Dow soars 11% in best day since 1933 as stimulus deal nears

Dow soars 11% in best day since 1933 as stimulus deal nears
© Spencer Platt / Getty

Stocks rebounded aggressively from a three-year low Tuesday as traders hoped U.S. lawmakers were close to an agreement on a stimulus bill to rescue the economy from the damage caused by the coronavirus.

The Dow soared 2,112 points to close 11.3% higher, notching its biggest one-day percentage gain since 1933. The S&P 500 rallied 9.4% for its best day since October 2008. The Nasdaq surged 8.1% in its best day since March 13. Both the Dow and S&P 500 were coming off their lowest levels since late 2016.

Chevron gained more than 22% to lead the Dow higher. American Express and Boeing also rallied more than 20%. Energy was the best-performing sector in the S&P 500, soaring 16.3%, while industrials and financials each jumped more than 12%.

The market breadth was overwhelmingly on the positive side in a good sign this comeback could have legs. Advancers led decliners on the New York Stock Exchange by 12 to 1.

House Speaker Nancy Pelosi told CNBC’s Jim Cramer there is “real optimism” in Congress over a stimulus deal being reached. “We think the bill has moved sufficiently to the side of workers,” she said.

“From a market perspective . . . it feels like we’re coming to the end of it,” Michael Novogratz, the CEO of Galaxy Digital, said on CNBC’s “Squawk Box.” Novogratz started buying into this market on Monday, he said. “It doesn’t necessarily mean the market’s going to go up, but a lot of that crazy volatility is kind of coming out.”

Tuesday’s moves followed yet another stormy day Monday as investors swung back to pessimism and pushed the major indexes to new multiyear lows as a procedural vote in the Senate on a bill failed for the second time in 24 hours.

The Dow dropped 582.05 points, or 3%, to a three-year low Monday and was on pace to clinch its worst calendar month since 1931. The S&P 500 dropped 2.9% and was more than 30% from a record close set on Feb. 19.

“The recent disorderly market action has left scars on most money managers,” said Sean Darby, global equity strategist, in a note. “Bear markets are brutal and they typically presage a recession.” However, Darby pointed out that a number of “risk indicators are peaking with only credit spreads misbehaving,” suggesting a bottom may be nearby.

Stocks hardest hit by the shutdowns resulting from the coronavirus led the gains Tuesday. Shares of Wynn and MGM Resorts were both up more than 15%. Delta Air Lines jumped more than 21%. General Motors shares, meanwhile, climbed nearly 20% after the automaker announced it will draw about $16 billion from its credit facilities to mitigate the coronavirus’ impact.

The Cboe Volatility Index (VIX) dipped 0.67 points, or 1.2%, to 60.85. Last week, the VIX eclipsed its financial crisis high, closing at 82.69.

Democrats criticized the $500 billion fund that the Republican proposal sets aside for distressed businesses, calling it a bailout fund “with no strings attached.”

Tuesday’s gains also came as President Donald Trump signaled he was eager to reopen the economy, despite concerns of public health officials. “We’re opening up this incredible country. Because we have to do that. I would love to have it open by Easter,” Trump said on Tuesday.
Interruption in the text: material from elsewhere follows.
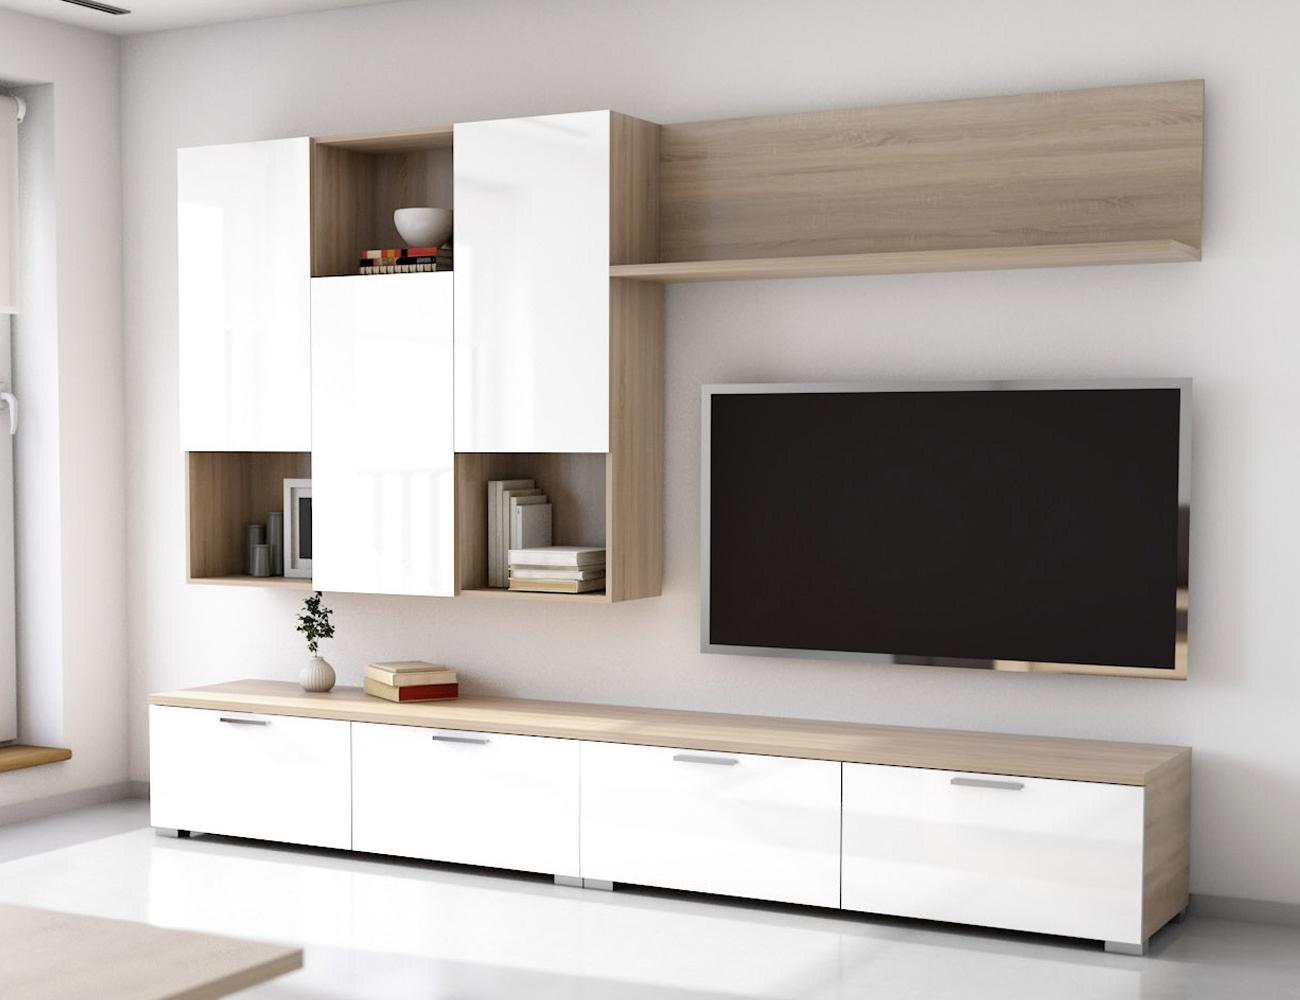 Muebles Salon Blanco Y Madera E9dx Mueble De Salà N Edor Estilo Moderno Roble Con Blanco 4280
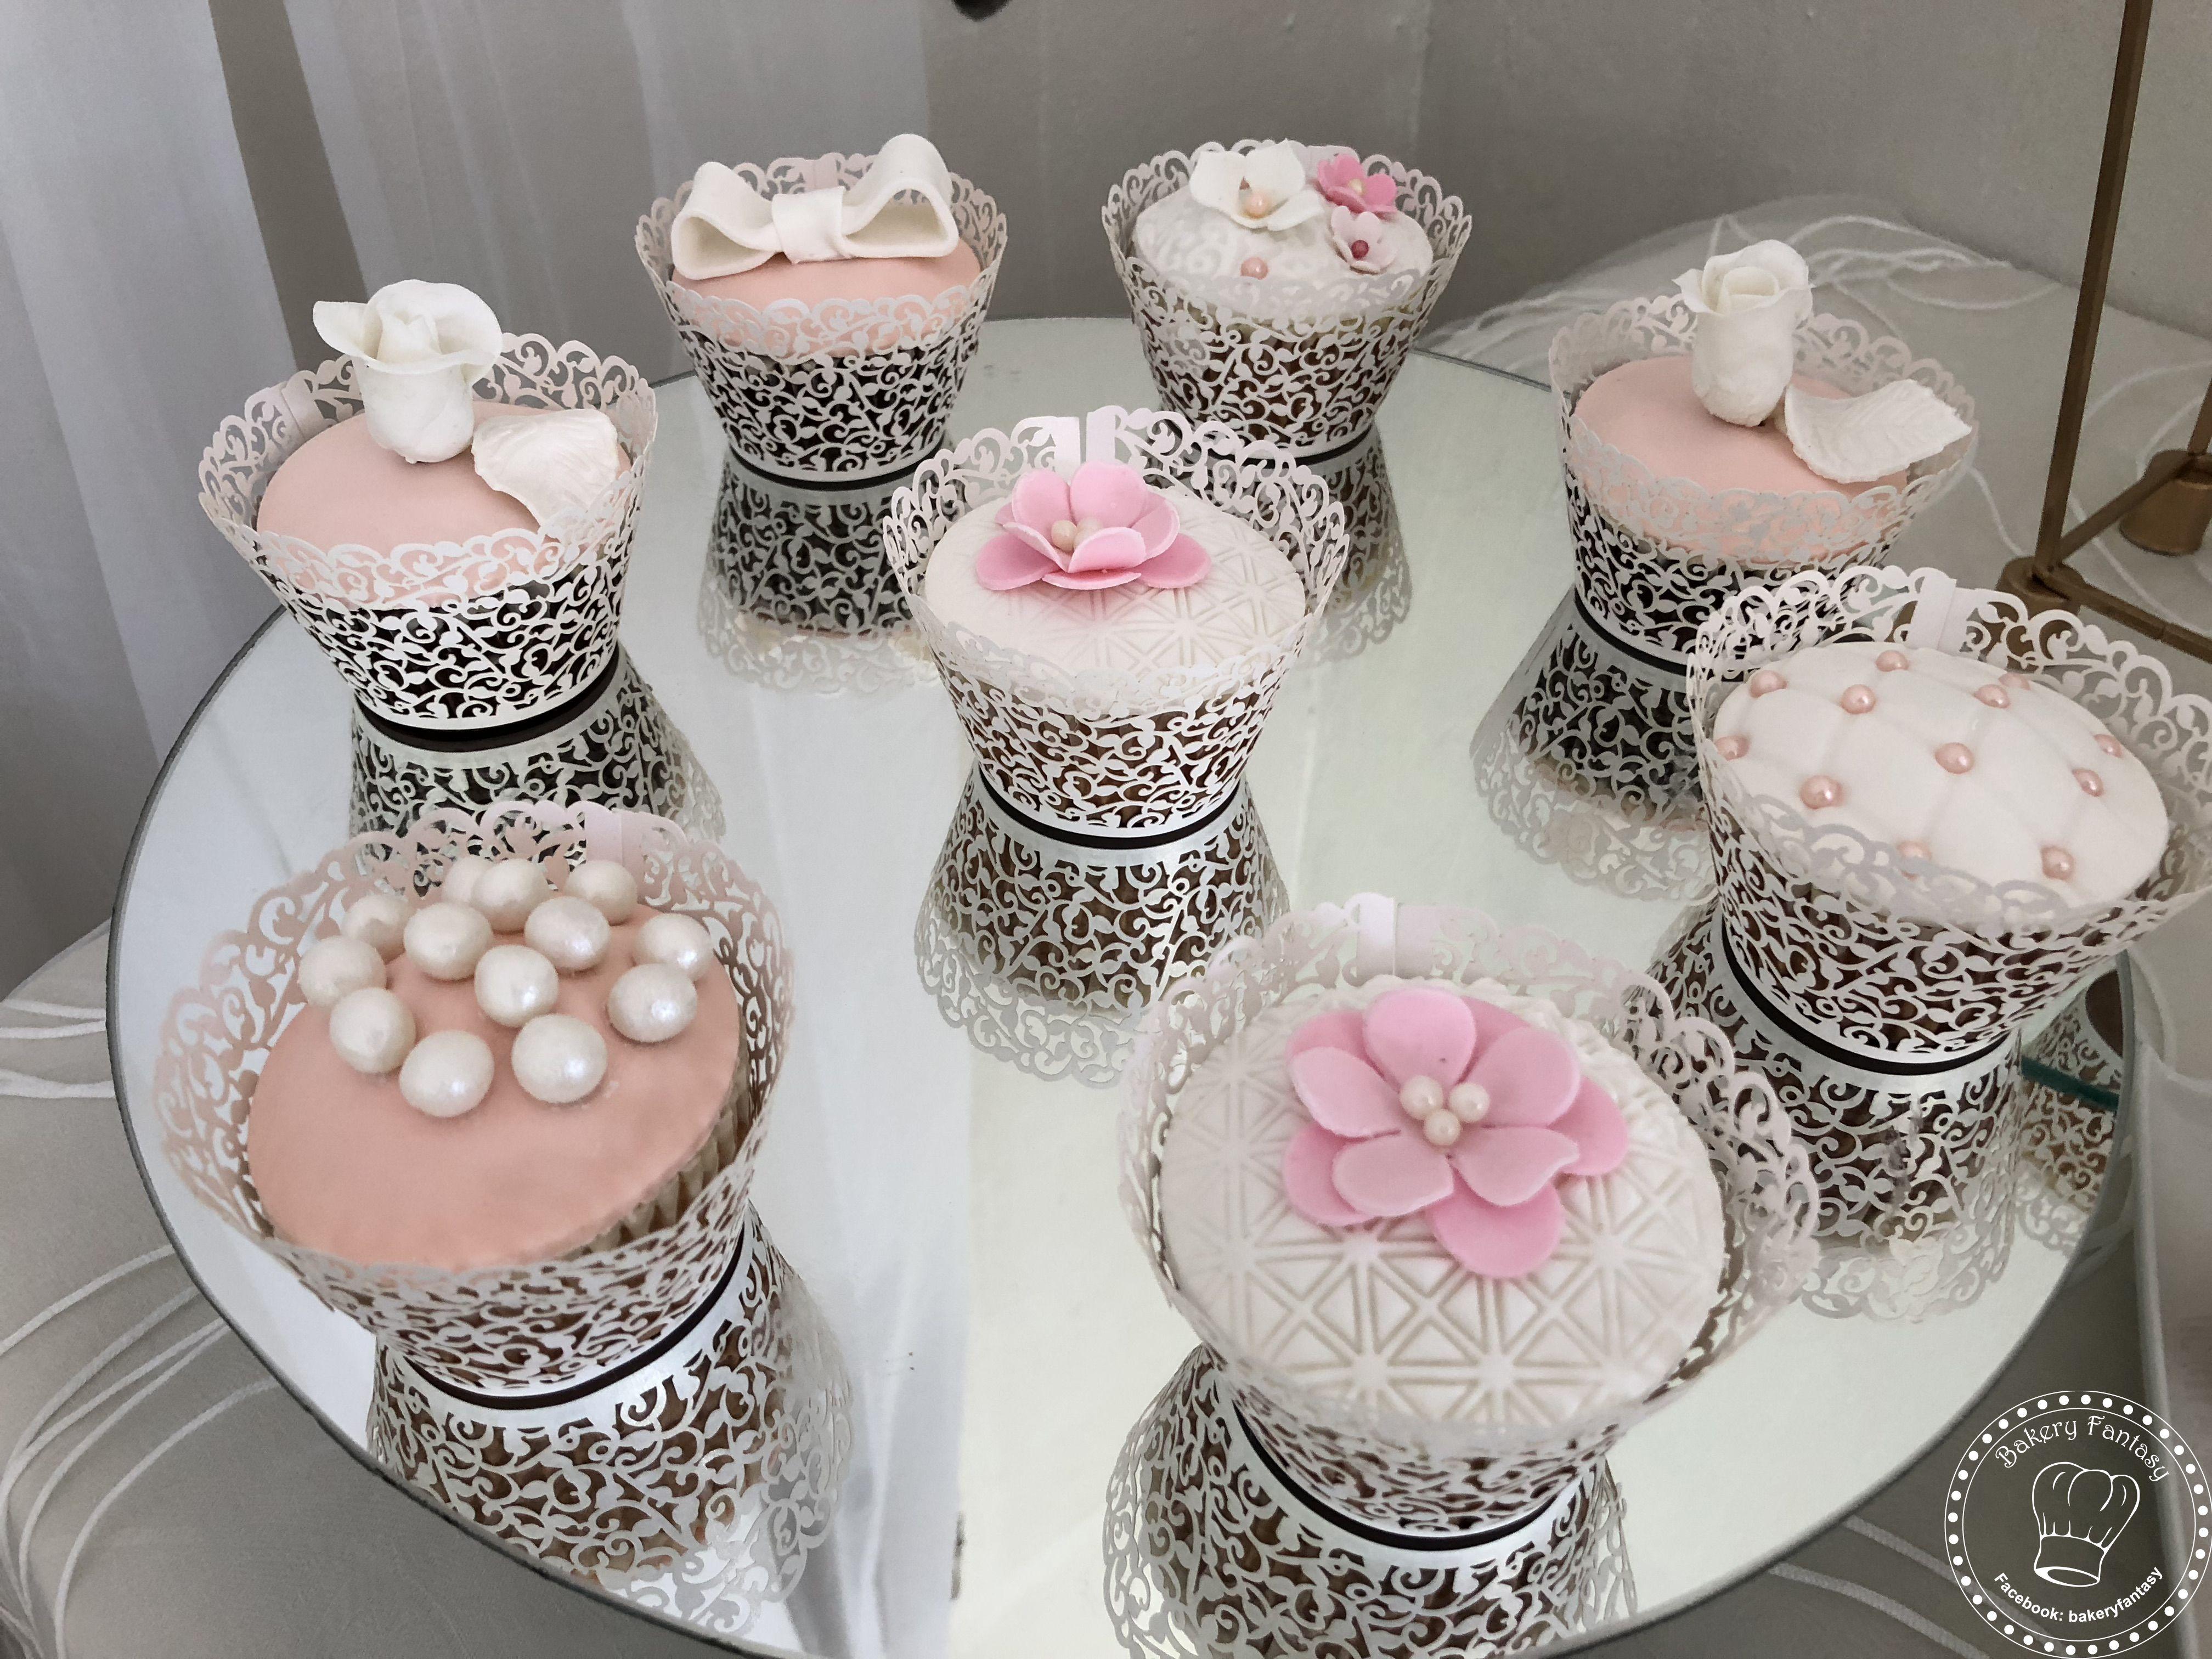 costaricawedding #bakeryfantasy #cupcakes #minicakes #weddingcake ...

Markets are getting support from the Federal Reserve, which said Monday it would embark on an open-ended asset purchase program. The central bank said the program will run in the “amounts needed to support smooth market functioning and effective transmission of monetary policy to broader financial conditions and the economy.”

“This market has been utterly dangerous since February,” wrote Fundstrat’s Tom Lee in a note Tuesday. “But there are glimmers of hope.”

More than 400,000 cases have been confirmed worldwide, including over 50,000 in the U.S., according to Johns Hopkins University. So far, more than 600 deaths related to the coronavirus have been confirmed in the U.S.

To be sure, some strategists on Wall Street were skeptical about Tuesday’s jump. Nikolaos Panigirtzoglou, a managing director at JPMorgan, noted there could be “considerable short covering from here,” which would temporarily lift equity prices.

 

CNBC’s Eustance Huang contributed to this report.